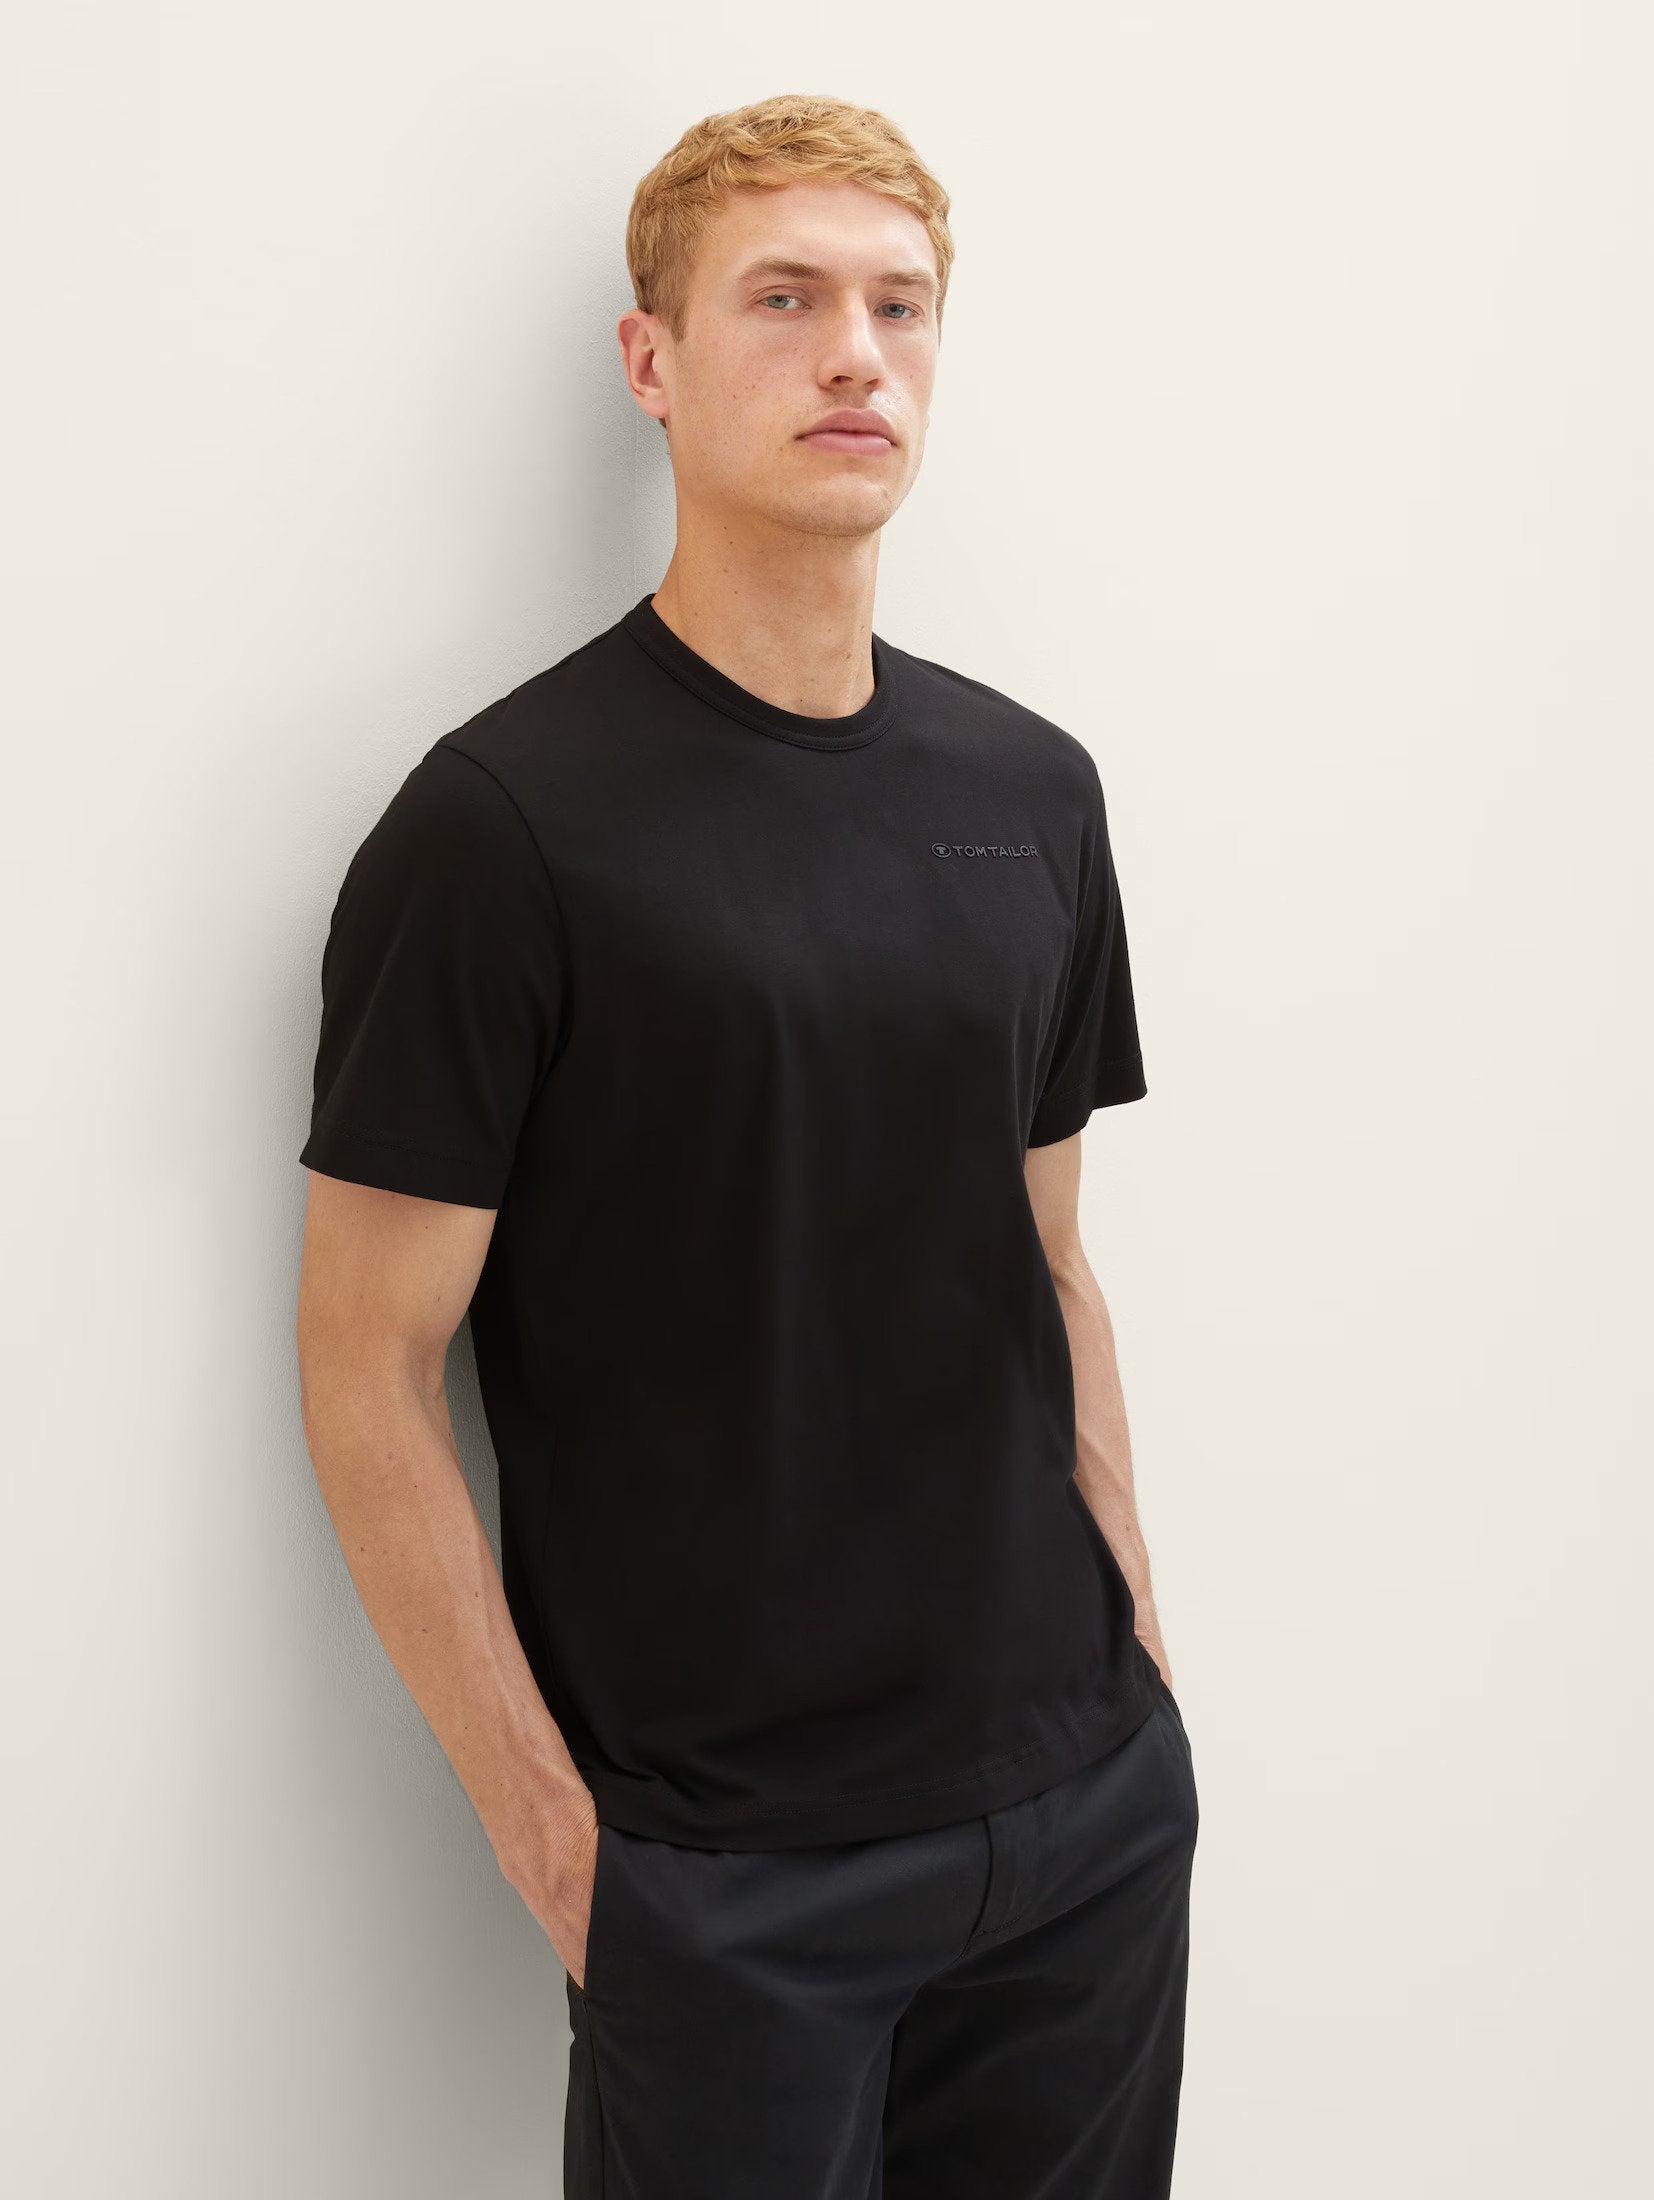 Tom Tailor Black Basic T-Shirt
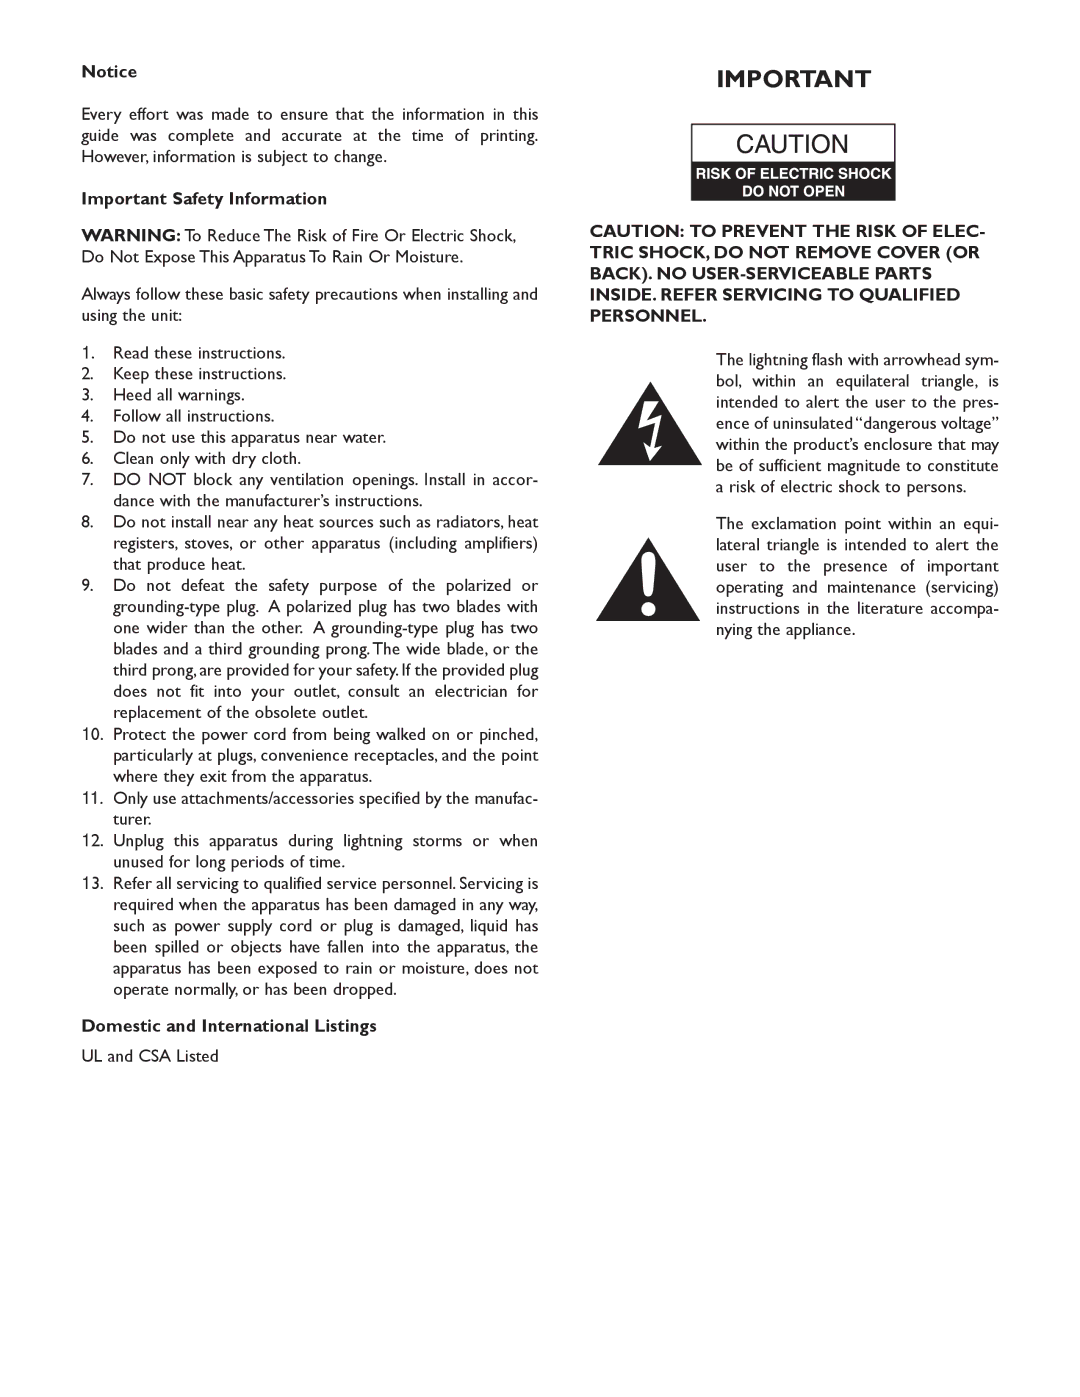 Bogen BOGEN WV100, WV250 Manual, WV150 specifications Important Safety Information, Domestic and International Listings 
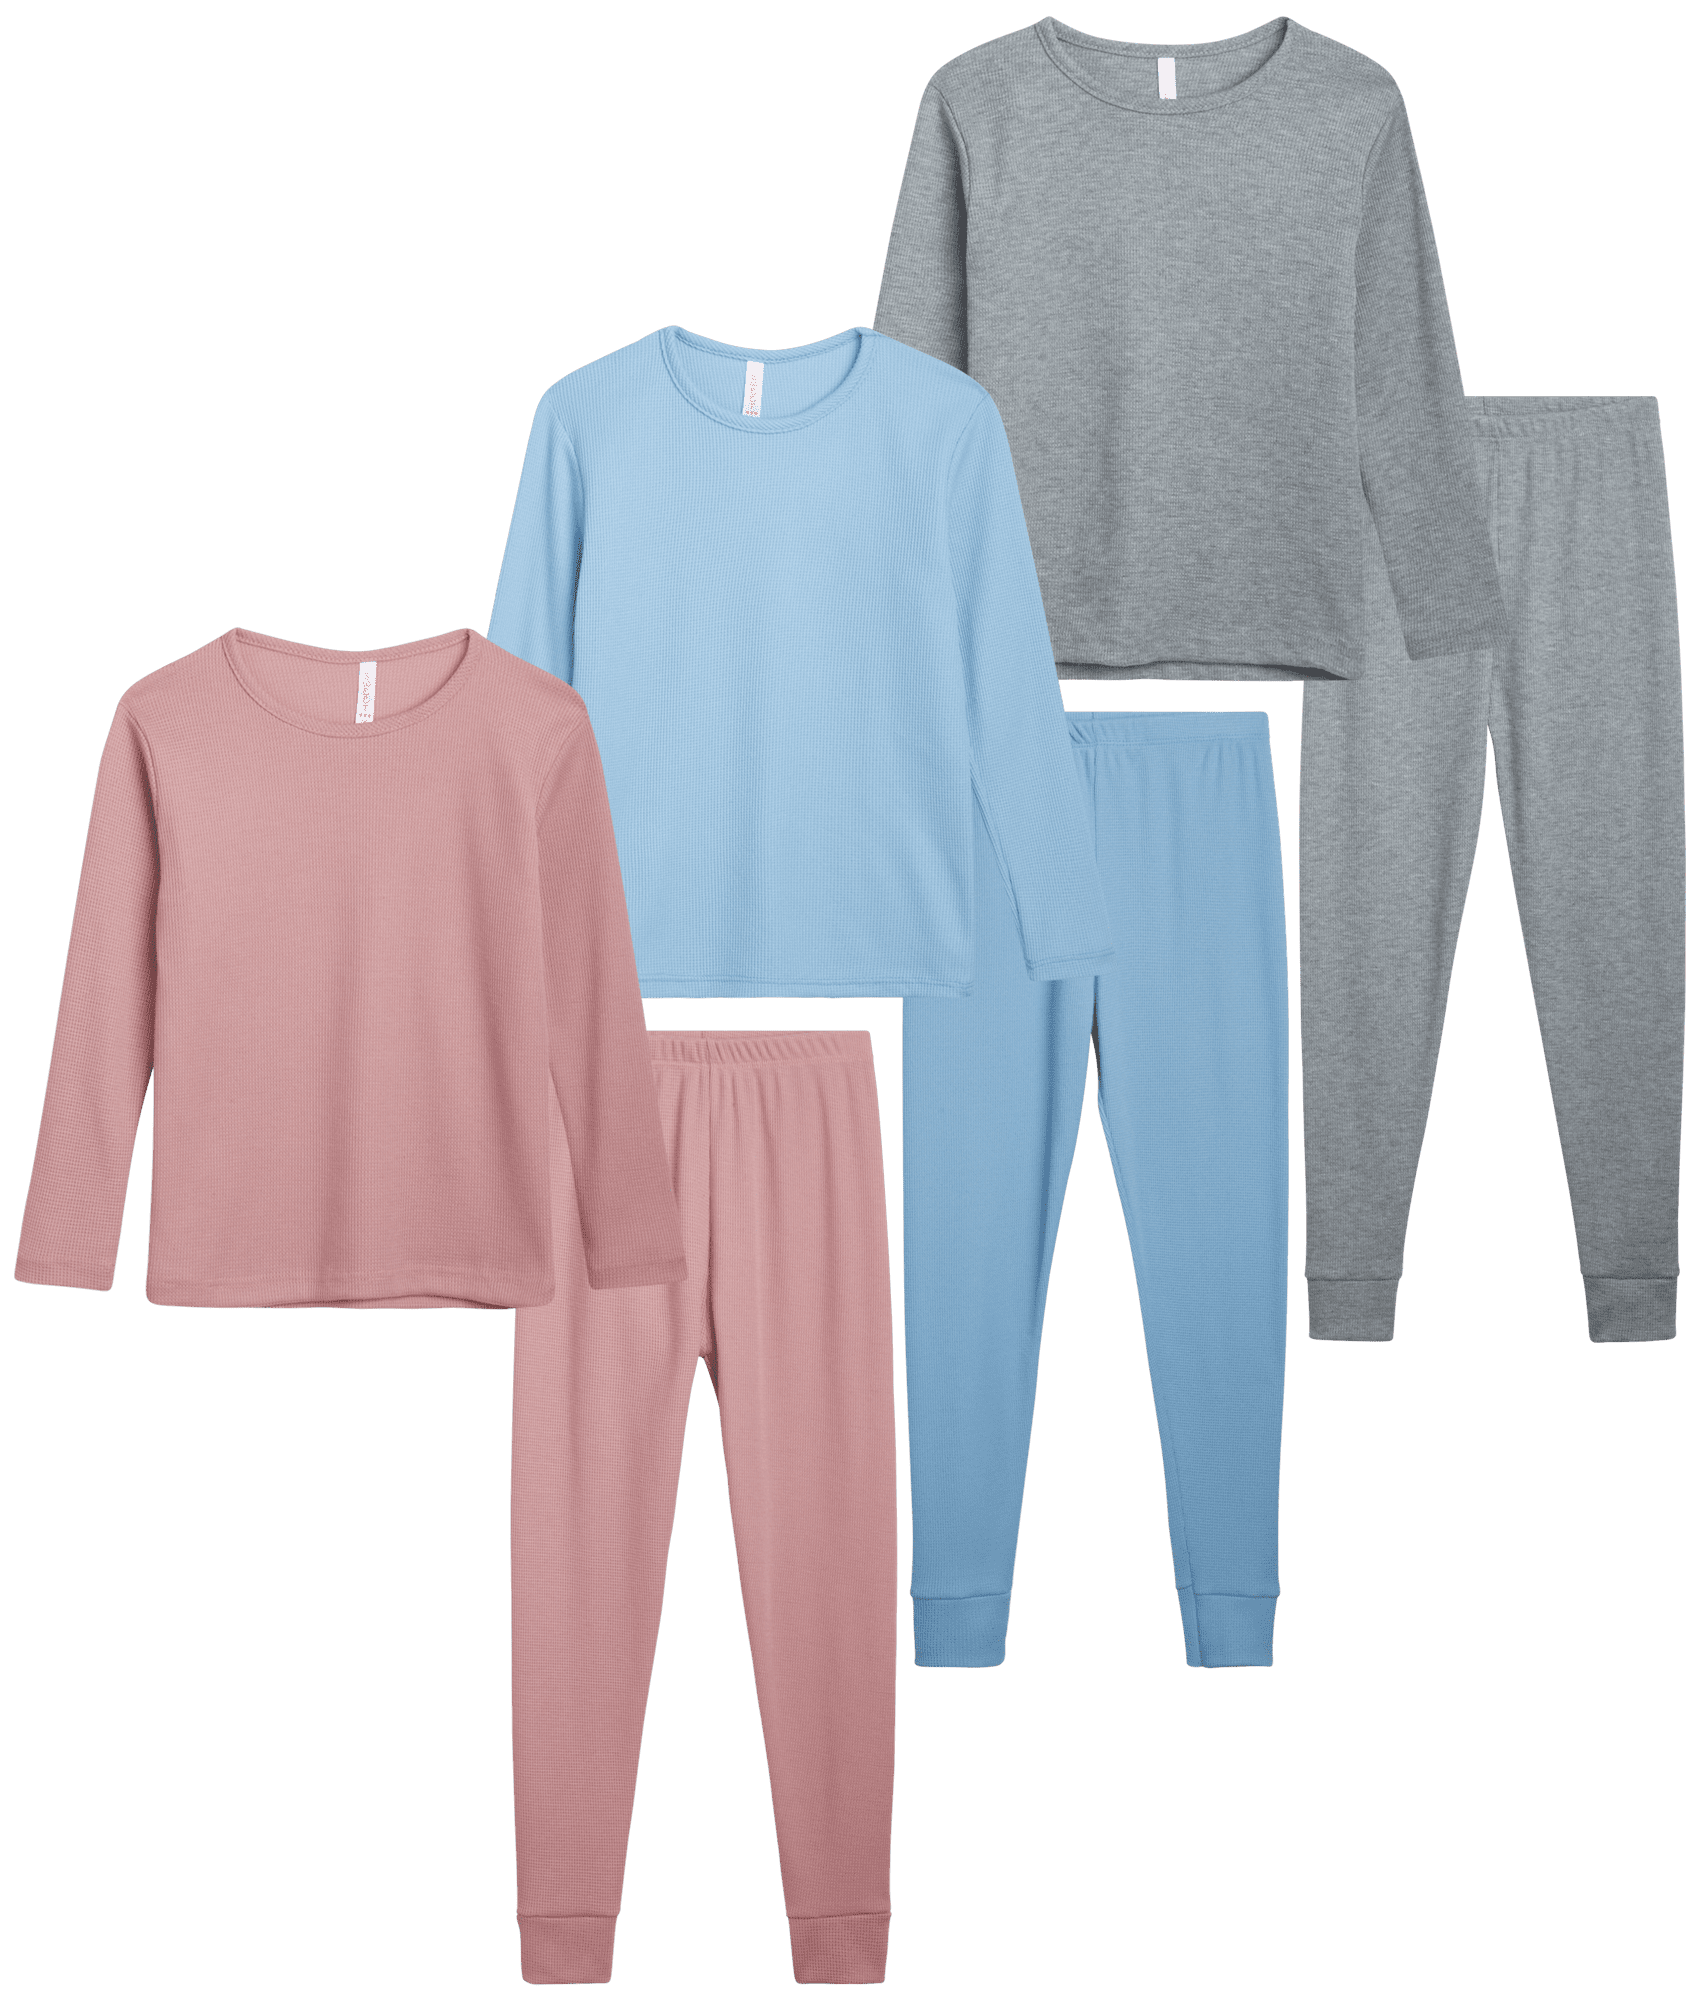 Sweet Hearts Girls’ Thermal Underwear Set – 6 Piece Waffle Knit Top ...

*Description of the task*.
Write the lines from the line containing "Bogen BOGEN WV100, WV250" through the last line of the data out again exactly, and only those lines; pictures stay out.

*Result below*.
 Bogen BOGEN WV100, WV250 Manual, WV150 specifications Important Safety Information, Domestic and International Listings 
 Sweet Hearts Girls’ Thermal Underwear Set – 6 Piece Waffle Knit Top ...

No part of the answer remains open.